Embedded video of our project can be found below:

The video includes a brief problem description using images, screenshots, or screen captures, along with examples of a simple policy (e.g., random) and our best-performing approach. The video is under three minutes, recorded in at least 720p resolution, and contains comprehensible speech where applicable.

Project Summary

Our project focuses on developing an intelligent self-navigation system for DuckieBot within the DuckieTown simulation environment. The goal is to enable the DuckieBot to autonomously navigate through a miniature city-like environment using reinforcement learning (RL) techniques. This requires the robot to recognize lanes, follow them accurately, stop at traffic signals, and avoid obstacles such as walls, trees, and buses.

The primary challenge in this project stems from the complexity of autonomous driving, even in a constrained environment. Unlike traditional rule-based approaches, reinforcement learning offers a scalable solution but requires extensive training, fine-tuning, and robust environment modeling. In our case, the DuckieBot must learn to navigate dynamically without explicit programming for each scenario. To achieve this, we employ RL algorithms such as Soft Actor-Critic (SAC) and Proximal Policy Optimization (PPO), training the DuckieBot in a simulated environment before deploying it onto a real physical robot.

A major motivation for using AI/ML techniques is the inherent difficulty in defining precise rules for navigation in diverse and unpredictable conditions. The DuckieBot must recognize lane boundaries while adapting to different road layouts, varying obstacle placements, and dynamically changing environments. It needs to anticipate and react to traffic signals, avoid collisions with moving and stationary objects, and navigate turns effectively. Hand-coding these behaviors for every possible scenario is impractical, making RL a natural choice for training an adaptable and generalizable navigation policy.

Key Objectives:

Train a DuckieBot using reinforcement learning algorithms to navigate the town autonomously.
Compare Soft Actor-Critic (SAC) and Proximal Policy Optimization (PPO) for performance evaluation.
Deploy the trained model onto an actual DuckieBot for real-world testing.

With recent progress, we successfully ran the DuckieBot in an empty loop environment, demonstrating basic movement capabilities.

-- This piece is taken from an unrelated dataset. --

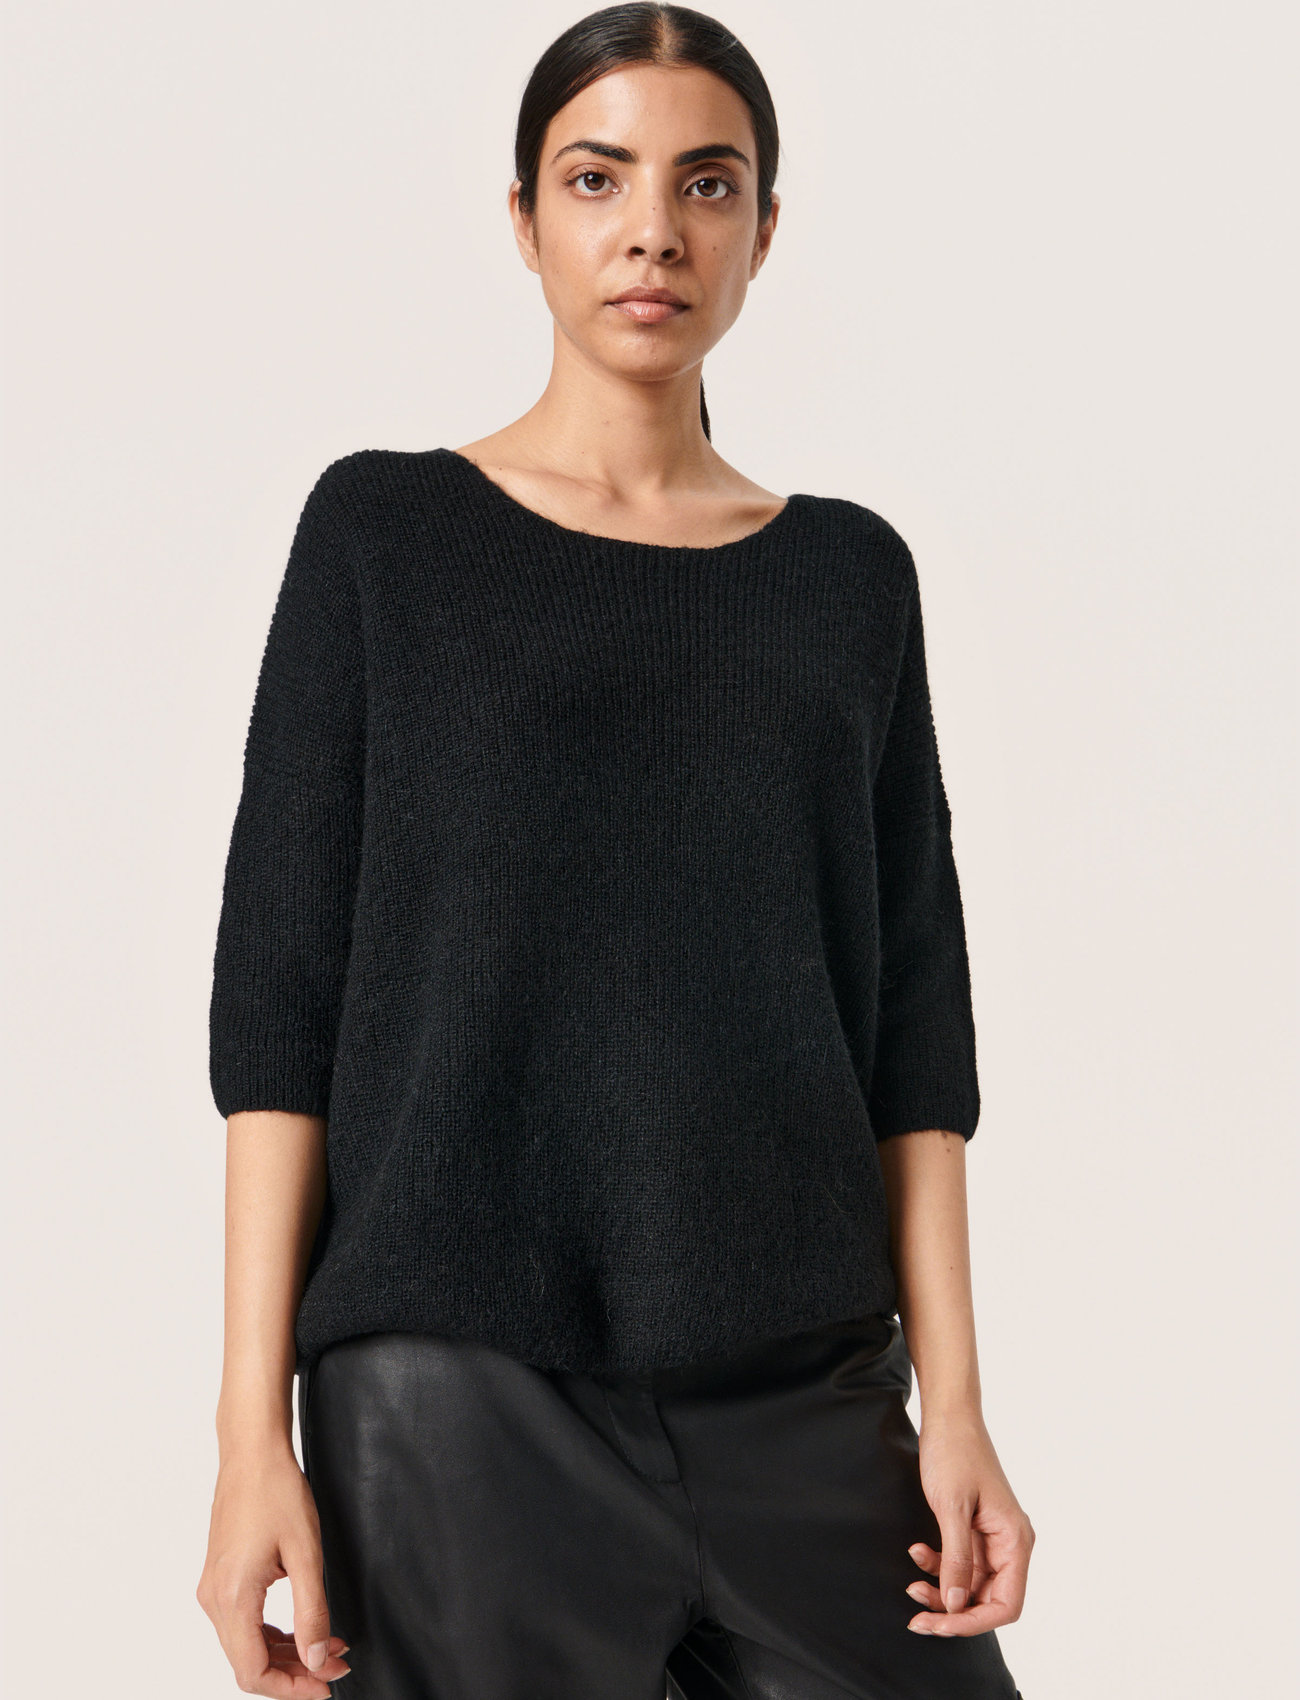 Soaked in Luxury - SLTuesday Jumper - jumpers - black - 0

The next steps involve refining policies for better performance in complex environments.

Approaches

SAC Approach

Our initial exploration included implementing a Soft Actor-Critic (SAC) model to train the DuckieBot. SAC is an off-policy reinforcement learning algorithm that optimizes for stability and exploration efficiency.

State Representation:
- (x, z): The 2D position of the DuckieBot.
- sin(θ), cos(θ): Encodes the orientation of the DuckieBot.
- velocity: Measures the DuckieBot’s speed.
Action Space:
- Velocity control: Continuous values in [-1, 1] (reverse to forward motion).
- Steering control: Continuous values in [-1, 1] (right to left turns).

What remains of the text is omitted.